Marko Djurica/Reuters

Despite that claim being repeatedly debunked during the first eight years Moscow waged war against Ukraine, Russian state TV got in step and doused viewers with a frenzied firehose of “Ukrainian neo-Nazis” and “de-Nazification” claims.

That narrative had long been so provably false it was almost laughable, so Putin’s army of media lackeys tried to up the ante with “proof”: a photo of Ukraine’s Azov fighters holding up a swastika flag that turned out to be photoshopped; menacing, top secret battle plans by Azov and the Ukrainian Defense Ministry featuring a bizarre blend of Russian and Ukrainian; Ukraine’s commander-in-chief wearing a “swastika bracelet” that didn’t exist; “foreign journalists” bemoaning the horrors of the Kyiv “regime” who were actually Russian bloggers.

Despite all the propagandists tying themselves into knots to sell the Nazi narrative, the Kremlin soon figured out it just wasn’t working. As Proekt reported last May, secret telephone surveys conducted on the orders of the Kremlin revealed that most Russians didn’t understand the meaning of the word “de-Nazification.”

“After that, it was a mess—every week we looked for new words, but we couldn’t find anything favorable,” one source close to the Kremlin said.

(It certainly didn’t help that Russian troops themselves began publicly calling BS on the Kremlin’s claims, with one soldier sent to Ukraine admitting in an interview with iStories that he and a colleague had a shocking revelation upon arrival: “I told him, ‘Do you even realize that we’re the fascists?’”)

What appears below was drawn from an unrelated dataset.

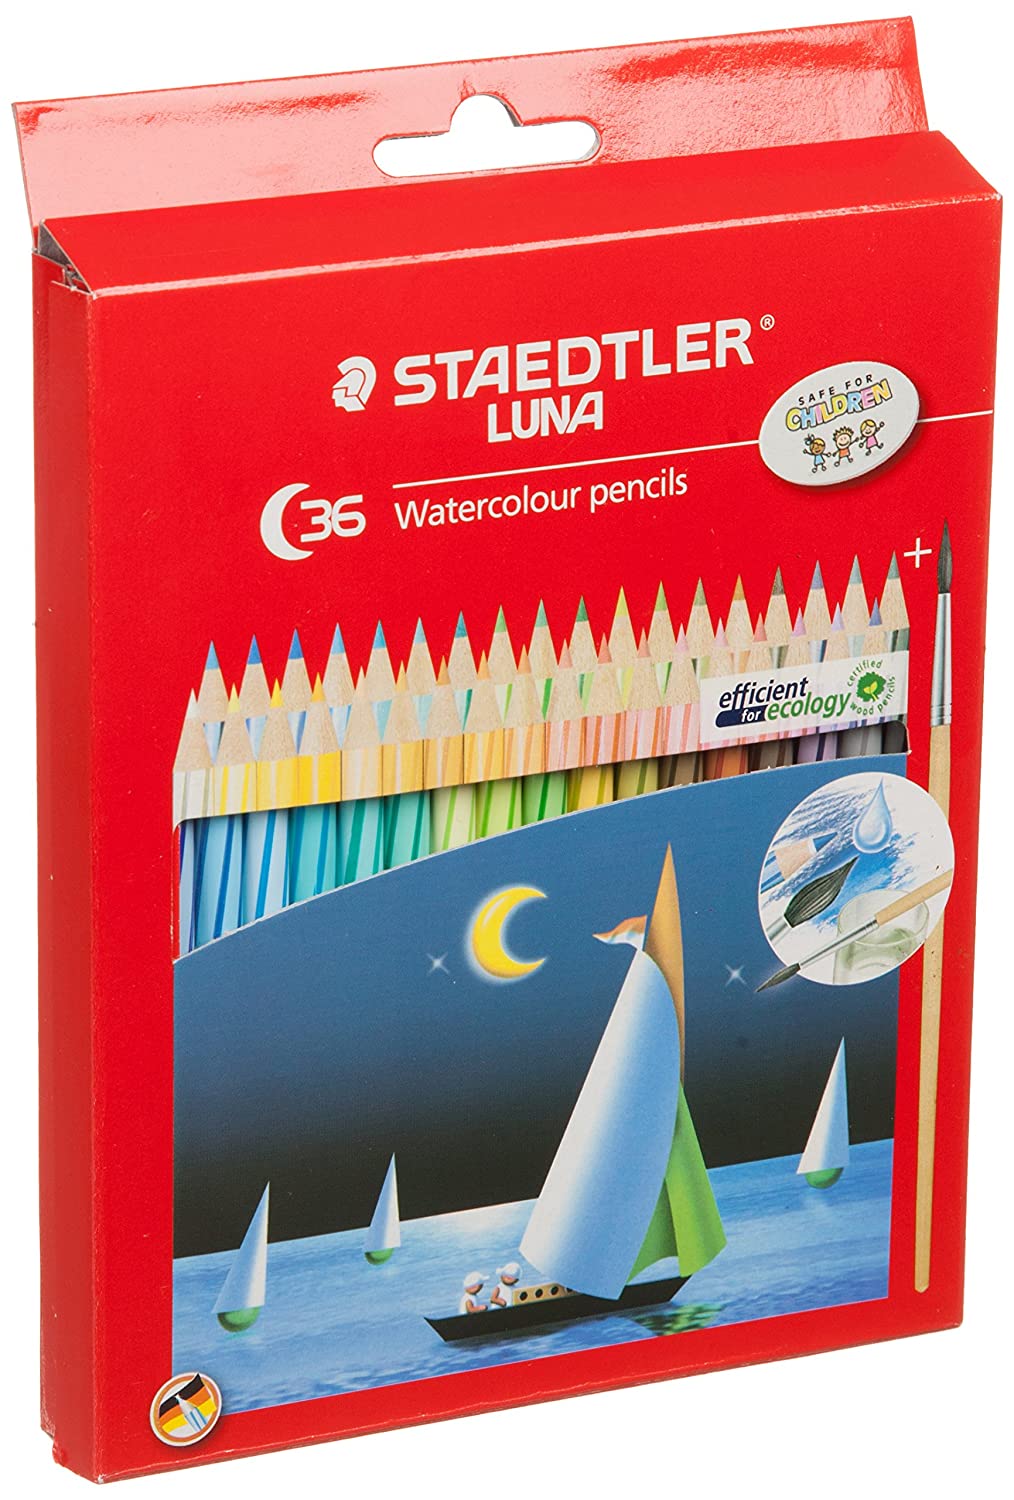 Detec™ Staedtler Luna Aquarelle वॉटर कलर पेंसिल, कैटलॉग और मैकेनिकल पेंसिल के साथ 36 शेड्स

It was around that time that the Kremlin pulled out the big guns: birds loaded up with “bio weapons” that somehow “selectively target” only certain ethnic groups (Russians).

“At least two species of migratory birds were identified, the routes of which pass mainly through the territory of Russia,” Igor Kirillov, head of radiation, chemical, and biological defense of the Russian Armed Forces, told Russian media.

The avian terror was discussed on all the country’s big channels, including the notorious trash peddler Channel One. Soon enough, it became clear that the latest tall tale was not so much helping the war effort as it was sparking a wave of outrage at local pigeons.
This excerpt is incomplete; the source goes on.